JPH02119319A - Crc code generation circuit - Google Patents

Abstract

PURPOSE:To realize a fast processing and to reduce the scale of a hardware by performing the time divisional multiplex processing of the CRC arithmetic operation of each line to a signal in which the signals with the same bit rate are multiplexed, and storing a computed value in an FF and a shift register transiently. CONSTITUTION:A CRC arithmetic circuit 11 performs a new arithmetic operation by an input serial signal and a CRC computation value before one cycle outputted from the FF 13 for holding CRC computation value. The computed value is held by the FF 13 again. Also, the arithmetic operation is applied on the frames from a first frame to an N-th frame, and the computed value of each of the lines CH1-CHm in each frame is written in the shift register 14 for retracting m-bit CRC arithmetic value. Also, a first arithmetic operation on the lines CH1-CHm in each frame is performed by selecting a shift register 14 side by a selection circuit 12, and continuing the arithmetic operation from a preceding frame. Therefore, fast processing can be realized, and the scale of the hardware can be miniaturized.

Description

DETAILED DESCRIPTION OF THE INVENTION [Industrial Application Field] The present invention is applied to a multi-processing type CRC code generation circuit for data communication. In particular, the present invention relates to a CRC code generation circuit at the line multiplex signal level in a transmission terminal equipment, etc., which employs a CRC code transmission method suitable for monitoring line failures.

〔overview〕

The present invention uses a multiprocessing type CRC code generation circuit to time-divisionally multiplex CRC calculations for each line on a signal obtained by multiplexing signals with the same bit rate, and temporarily converts the calculated value and CRC code. 1. Write down the flip-flop and shift register. α enables high-speed processing, reduces the scale of hardware, and improves economic efficiency.

[Conventional technology]

FIG. 4 is a block diagram of a conventional CRC code generation circuit. Figure 5 shows C and R of a conventional CRC code generation circuit.
FIG. 2 is a circuit diagram of a C calculation circuit. FIG. 6 is a time chart showing the operation of a conventional CRC code generation circuit.

Conventionally, multiprocessing type CRC code generation circuits have generated CRC codes for each line at the multiline signal level, but because the speed of the multiplex lines is multidimensional, the calculated value of the CRC operation and the CRC code cannot be generated. It was necessary to use a read/write memory as a temporary storage element.

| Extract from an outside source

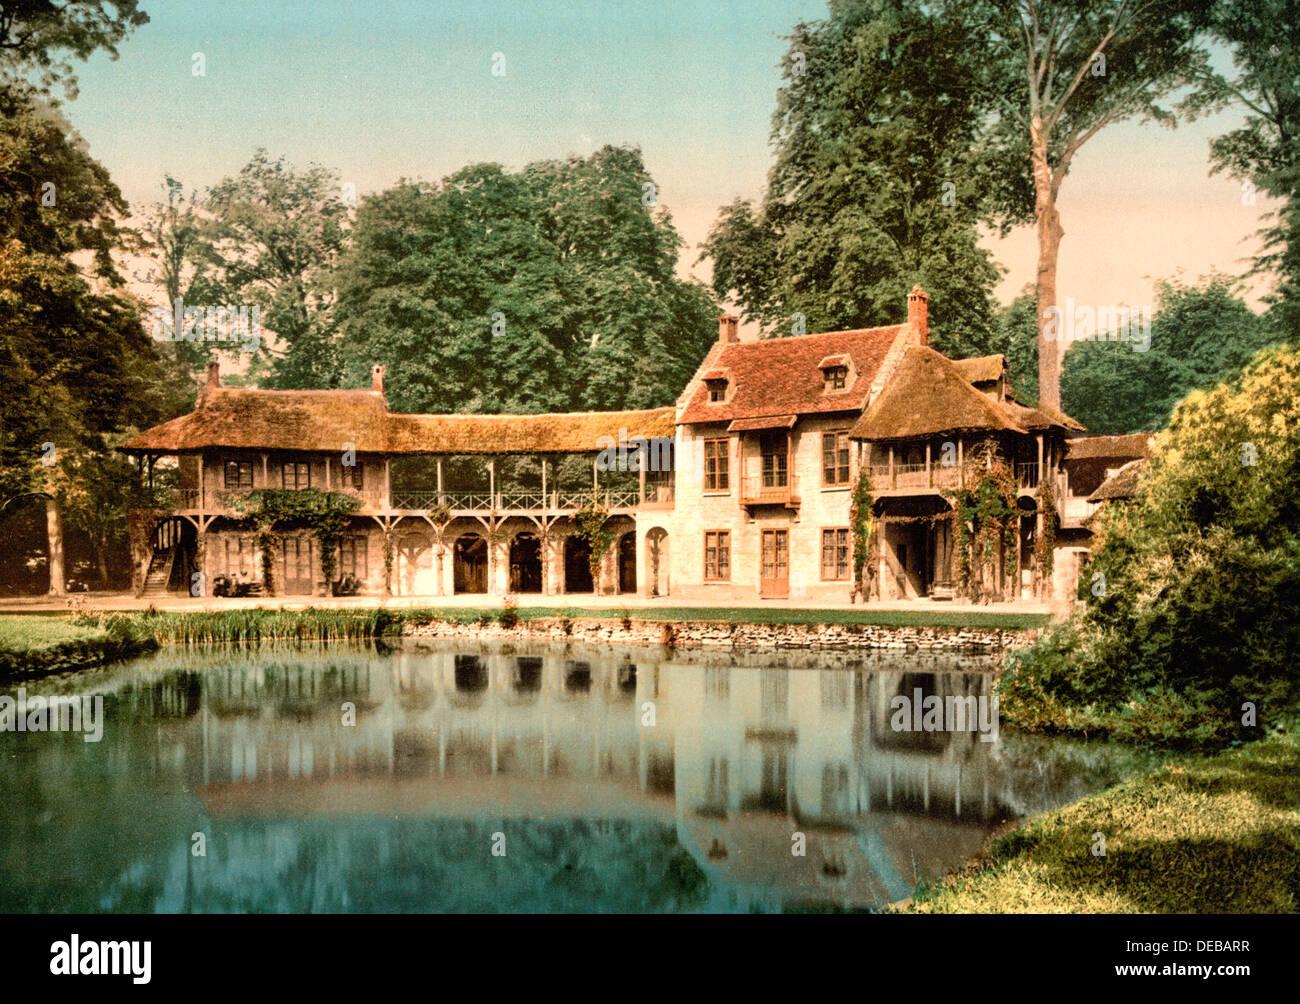 Petit trianon park maison du seigneur versailles france for Aavi maison du gps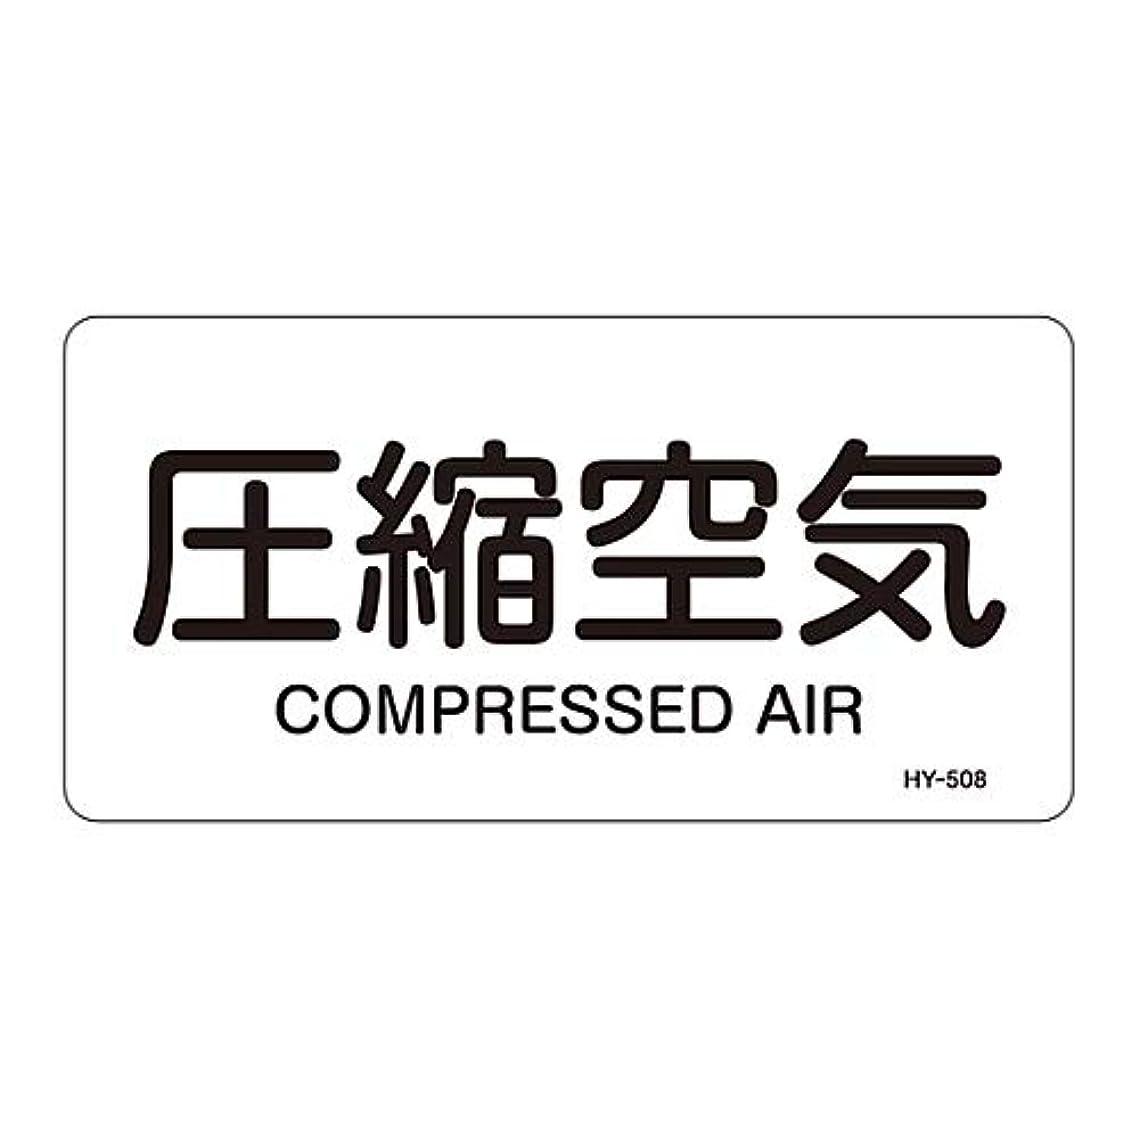 愛撫本当に冊子JIS配管識別明示ステッカー<ヨコタイプ> 「圧縮空気」 HY-508S/61-3404-87

4 to 6, the serial/parallel conversion circuit 22 converts the input serial signal into parallel data of the number n of CRC codes of the CRC generating polynomial. The CRC performance circuit 21 is
A new calculation is performed using this parallel data and one cycle of CRC calculation up to one cycle before output from the memory 25 for saving CRC calculation values. This calculated 1st shift is stored in the address area to which the line is assigned in the memory 25 for saving the CRC calculation value. Further, the calculation is performed from the first frame to the Nth frame. The final calculated value of each line (CHI to CHm) of the Nth frame, that is, the CRC
The code is extracted by the D-type flip-flop 26 and output in the next frame after the operation is completed. However, at the time of the first calculation of each line in the first frame, CR
By sending the initialization pulse P for C calculation, the CRC
The calculated values from the memory 25 for saving calculated values are cleared and the first calculation for each line is performed.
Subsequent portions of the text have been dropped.